Август долго уговаривал Надю не ходить на эти похороны, поберечь себя. После стольких потрясений, которые ей пришлось пережить вчера, она буквально свалилась, утром чувствовала себя разбитой и не могла подняться. Но когда над городом зазвучала траурная мелодия Шопена, она встала.
— Я перестал тебя понимать. Что с тобой происходит? — говорил Август. — Зачем ты пойдешь? Что они тебе? Кто? Родные, близкие, знакомые? Не ходи. Слышишь? Умоляю тебя… Пожалей себя. Не ходи.
Но она была непреклонна.
— Ведь я люблю тебя, — продолжал Август. — Побудь со мной. Неужели ты стала другой? Когда это случилось? Скажи мне. А? Кто тебя подменил?
Она все-таки ушла. Он лег на кровать и не вставал, пока она не вернулась.
— Зря ты не пошел, — сказала она. — Все прошло мирно, спокойно. И было так торжественно. Могилы были завалены венками. Я считала… тридцать с лишним венков. И почти все с надписью: «Борцам за свободу».
Август долго слушал ее, не перебивая, приглядывался, прислушивался к интонации ее голоса, лежа в постели и закинув одну руку за голову.

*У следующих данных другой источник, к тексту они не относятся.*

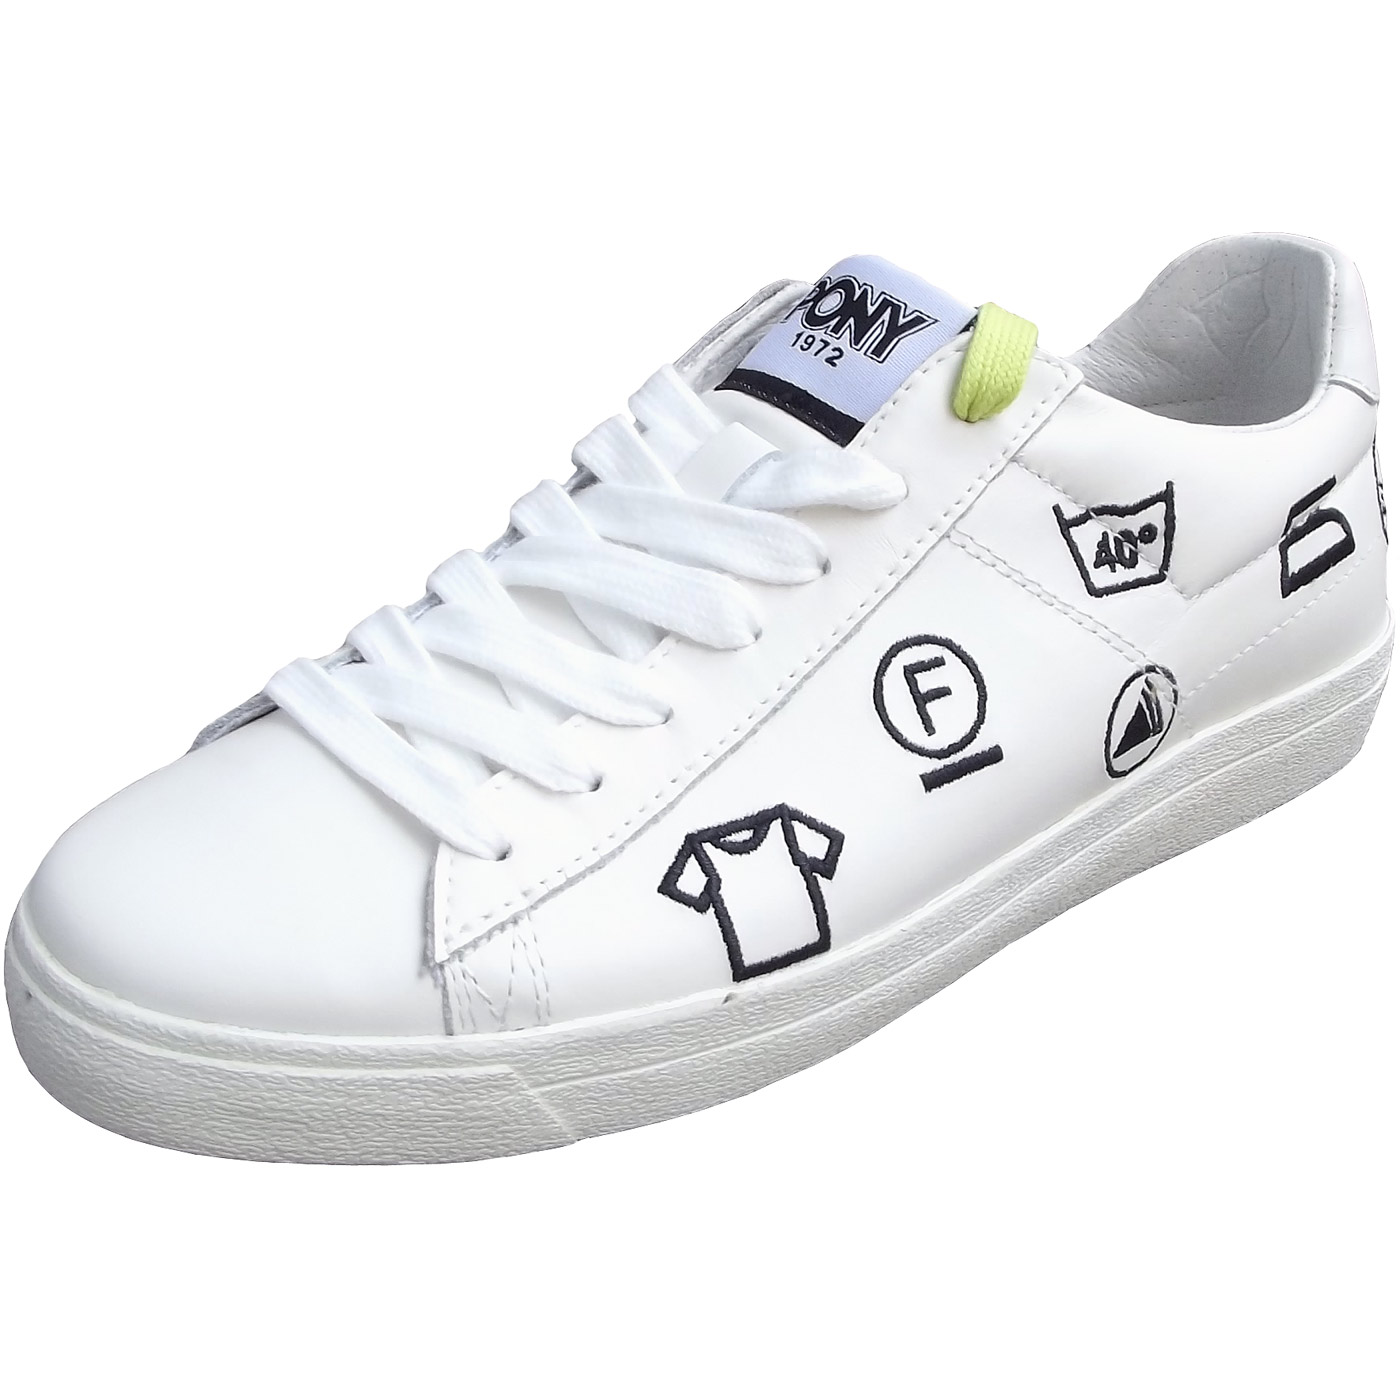 Pony Top Star Ox Women Sneakers white

Она казалась и грустной и веселой в одно и то же время.
— Ты стала прямо революционеркой, — сказал он наконец, продолжая глядеть в потолок. — Еще несколько дней назад ты была совсем другой. Вспомни. Подумай о себе.
— Меня возмущает несправедливость, — сказала она. — Всюду, всюду несправедливость.
— Конечно, не всюду… но… допустим… есть несправедливость. Но зачем тебе надо было идти сегодня на похороны! — вдруг закричал он и вскочил с постели. — Несправедливость здесь уже ни при чем! Верно? Солиданность! Твоя солидарность с этими… борцами за свободу.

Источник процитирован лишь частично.